Elon Musk meets with Indian Prime Minister Narendra Modi at Blair House in Washington DC, USA on February 13, 2025.

Anadolu | Anadolu | Getty Images

Tesla will open a showroom in Mumbai, India next week, marking the U.S. electric carmakers first official foray into the country.

The one and a half hour launch event for the Tesla “Experience Center” will take place on July 15 at the Maker Maxity Mall in Bandra Kurla Complex in Mumbai, according to an event invitation seen by CNBC.

Along with the showroom display, which will feature the company’s cars, Tesla is also likely to officially launch direct sales to Indian customers.

The automaker has had its eye on India for a while and now appears to have stepped up efforts to launch locally.

In April, Tesla boss Elon Musk spoke with Indian Prime Minister Narendra Modi to discuss collaboration in areas including technology and innovation.
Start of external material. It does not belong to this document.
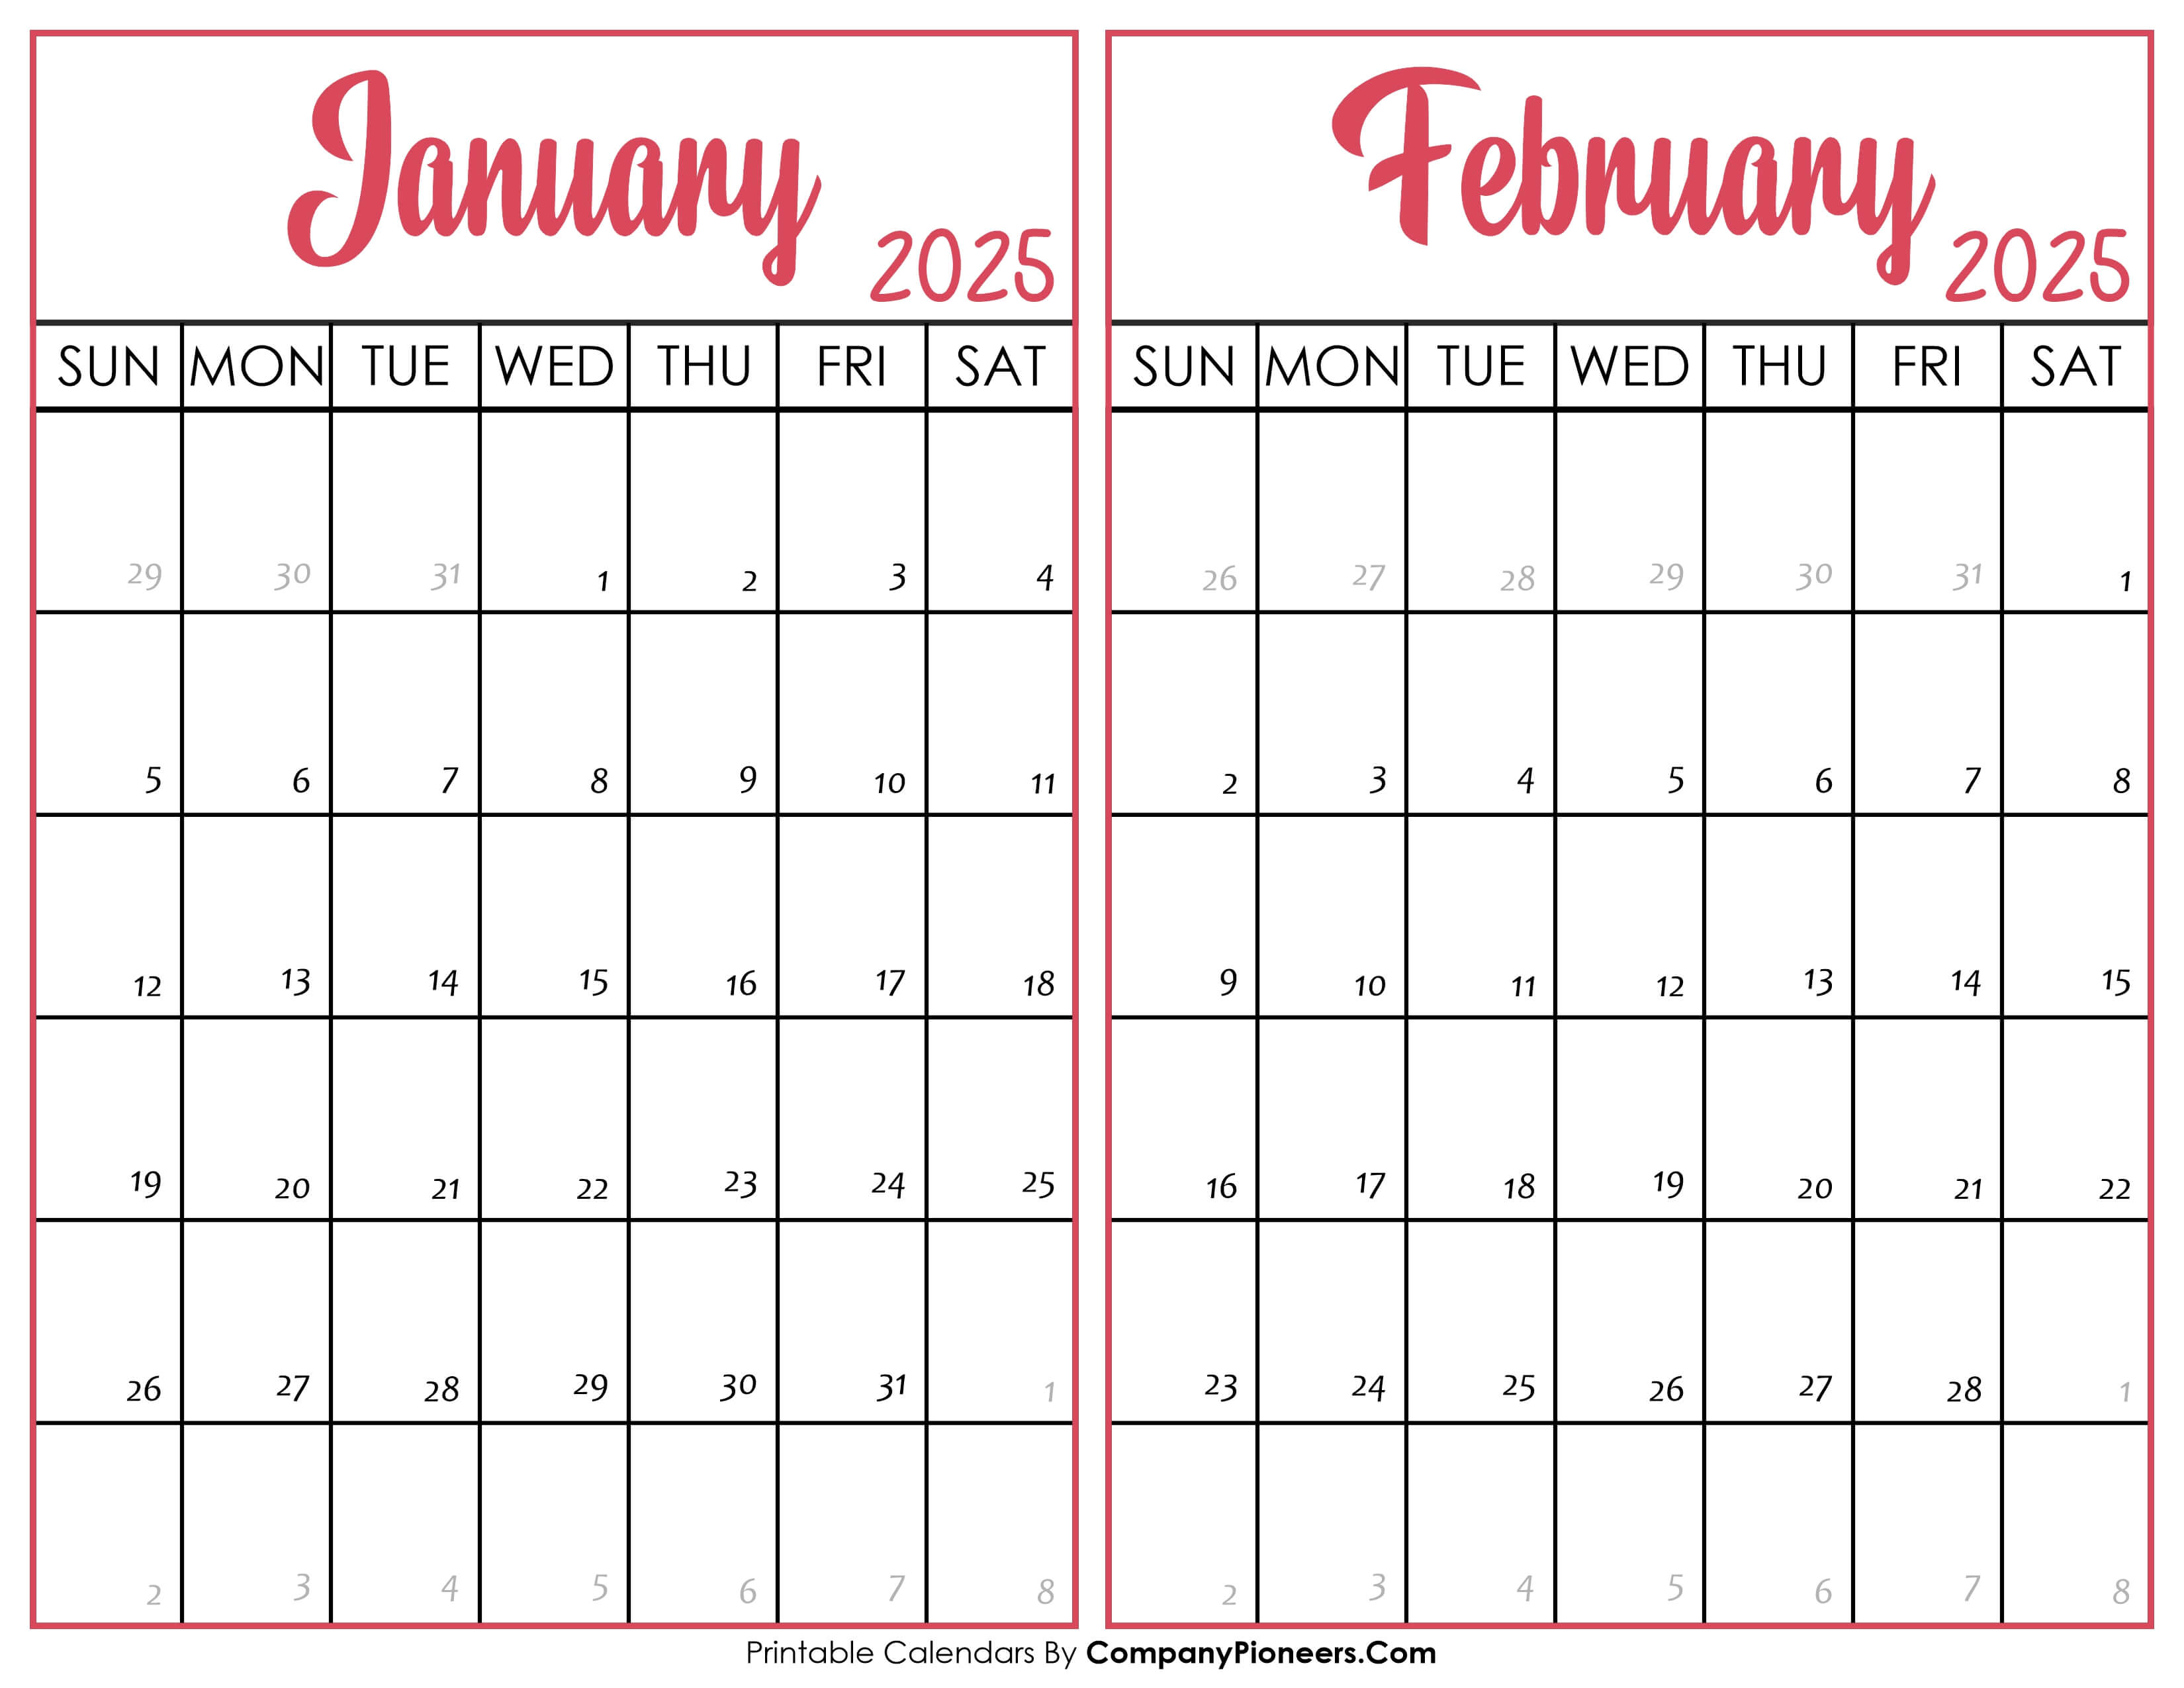 January and February Calendar 2025

That same month, the EV-maker’s finance chief said the company has been “very careful” in trying to figure out when to enter the market.

Tesla has no manufacturing operations in India, even though the country’s government is likely keen for the company to establish a factory. Instead the cars sold in India will need to be imported from Tesla’s other manufacturing locations in places like Shanghai, China, and Berlin, Germany.

As Tesla begins sales in India, it will come up against challenges from long-time Chinese rival BYD, as well as local player Tata Motors.

One potential challenge for Tesla comes by way of India’s import duties on electric vehicles, which stand at around 70%. India has tried to entice investment in the country by offering companies a reduced duty of 15% if they commit to invest $500 million and set up manufacturing locally.

HD Kumaraswamy, India’s minister for heavy industries, told reporters in June that Tesla is “not interested” in manufacturing in the country, according to a Reuters report.

Tesla is looking to recruit roles in Mumbai, job listings posted on LinkedIn . These include advisors working in showrooms, security, vehicle operators to collect data for its Autopilot feature and service technicians.

There are also roles being advertised in the Indian capital of New Delhi, including for store managers. It’s unclear if Tesla is planning to launch a showroom in the city.